WISDOM: Let me be perfectly clear. There is NOTHING wrong with the intention to uplevel your nutrition at this time; in fact, I highly recommend it. The trouble comes when an obsession with perfection overrides the sensibility of simply nourishing your body well enough to withstand treatment and improve outcomes. Nutrition isn’t as black and white, good food/bad food-focused as the cancer nutrition books and websites would have you believe, so working to find the gray that allows you to actually live your life is a worthy endeavor.
While exciting research continues in the discovery of certain foods that confer promising benefits for breast cancer risk reduction and potentially even prevention, here’s the most important thing to remember: “No single food or meal can cause or prevent cancer, and no “diet” is bulletproof. Increase fruits and vegetables (conventional is fine if organic isn’t in your budget), eat more plant-based proteins like beans, legumes, soy, nuts and seeds, add whole grain options like brown rice and whole-wheat pasta, and don’t forget to serve yourself an enormous helping of satisfaction and enjoyment with your meal.”

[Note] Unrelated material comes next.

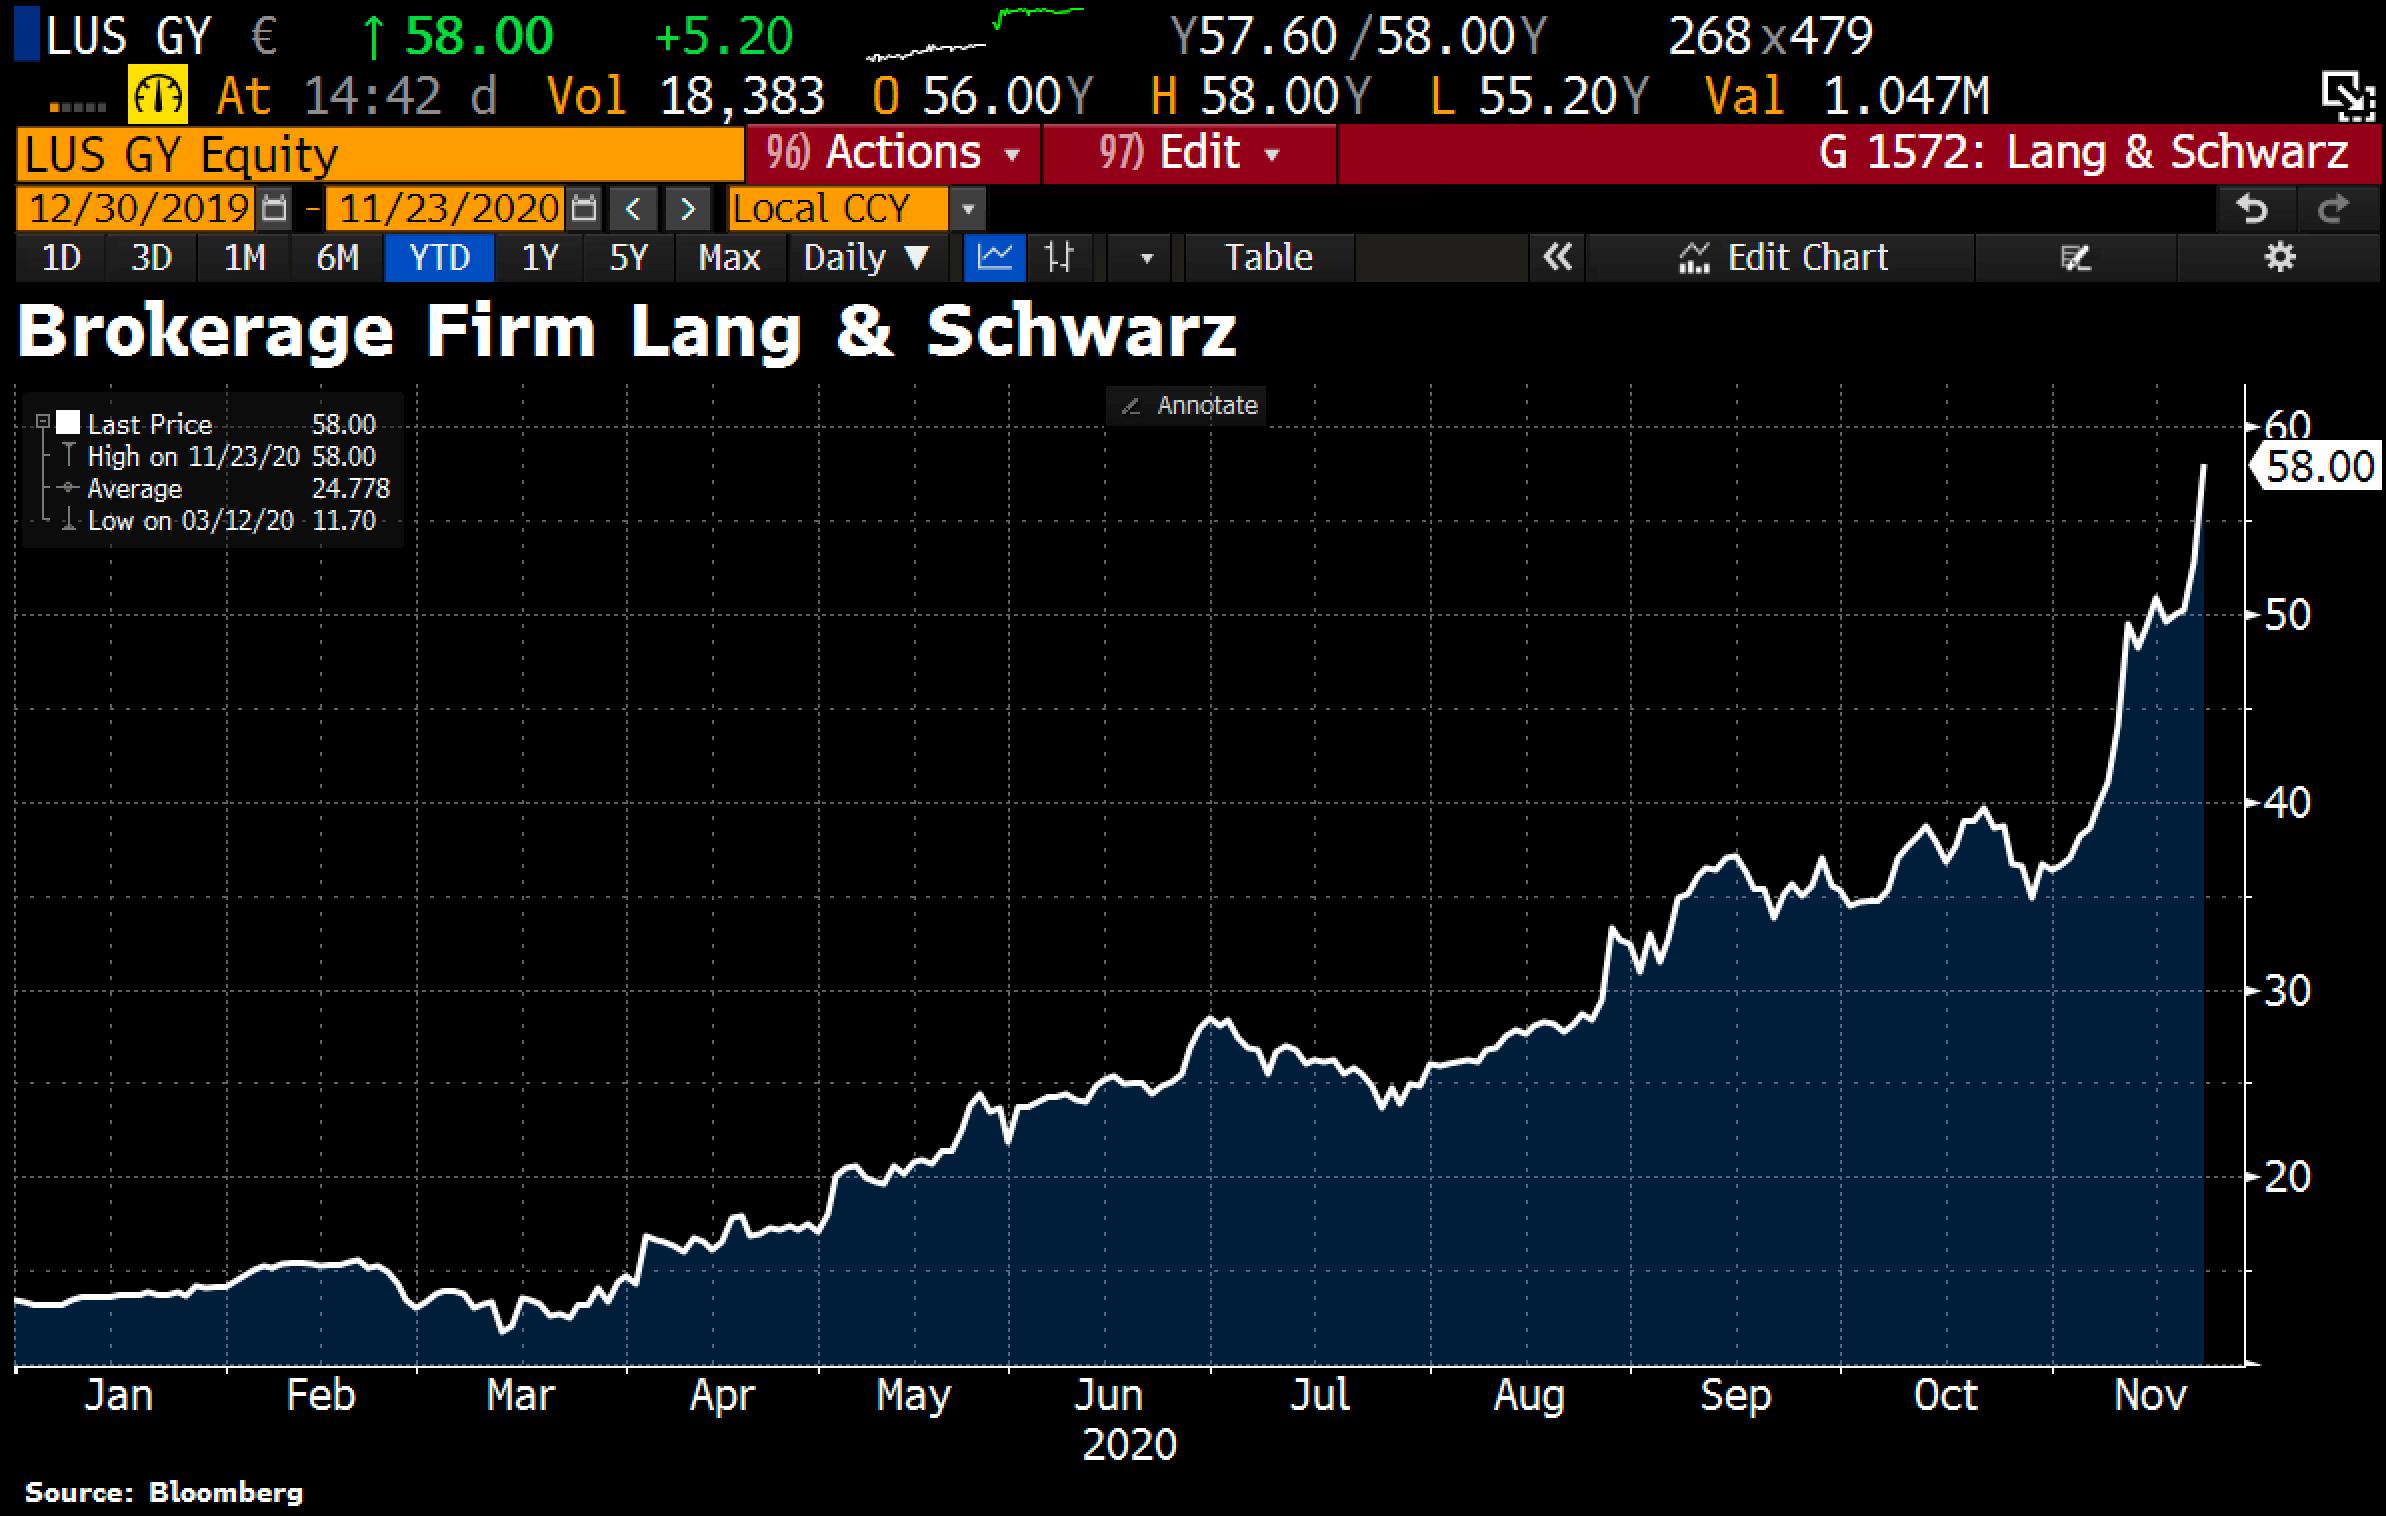 German broker stock Lang & Schwarz (LUS GY)

The “Supplements as Food” Diet
Eat actual food? No. Absolutely not.
This is the nutrition plan you choose once you’ve determined that you simply can’t trust food to keep you healthy. With your breast cancer diagnosis, you’re living proof. You’ve been advised by your ___________________(fill in with questionable website, book, unscrupulous practitioner, etc.) to drink a certain tea, blend and consume a special powder, swallow a particular combination of supplements, and fast every other day.
Food is the enemy, and the breast cancer cure lies in spending time (not to mention untold sums of money) preparing special tinctures and potions. The mixing and monitoring and timing of things takes your mind off the impending surgery and treatment, and you feel confident that this is the best approach to nourishing your body – regardless of what your oncologist or breast surgeon thinks.
Enjoying a restaurant meal with friends is out of the question, you’re dropping weight faster than you care to think about, and your energy is flagging. But hey, this plan is supposed to keep the breast cancer away and that’s enough “evidence” for you.
WISDOM: Right now, you are quite possibly the most vulnerable to nutritional chicanery you’ve ever been. The term “snake oil” wouldn’t be a stretch to describe some of the unscrupulous recommendations easily available with the click of a mouse and the entering of a credit card number – and they’re looking for YOU!
Don’t be fooled. Actual food, with its synergy of nutrients and health properties can never be replaced with a supplement regimen. There’s nothing wrong with learning which supplements may complement your nutritional regimen, but in the end, please remember there’s a reason they’re called SUPPLEMENTS. . .they’re the supporting cast, not the diet lead.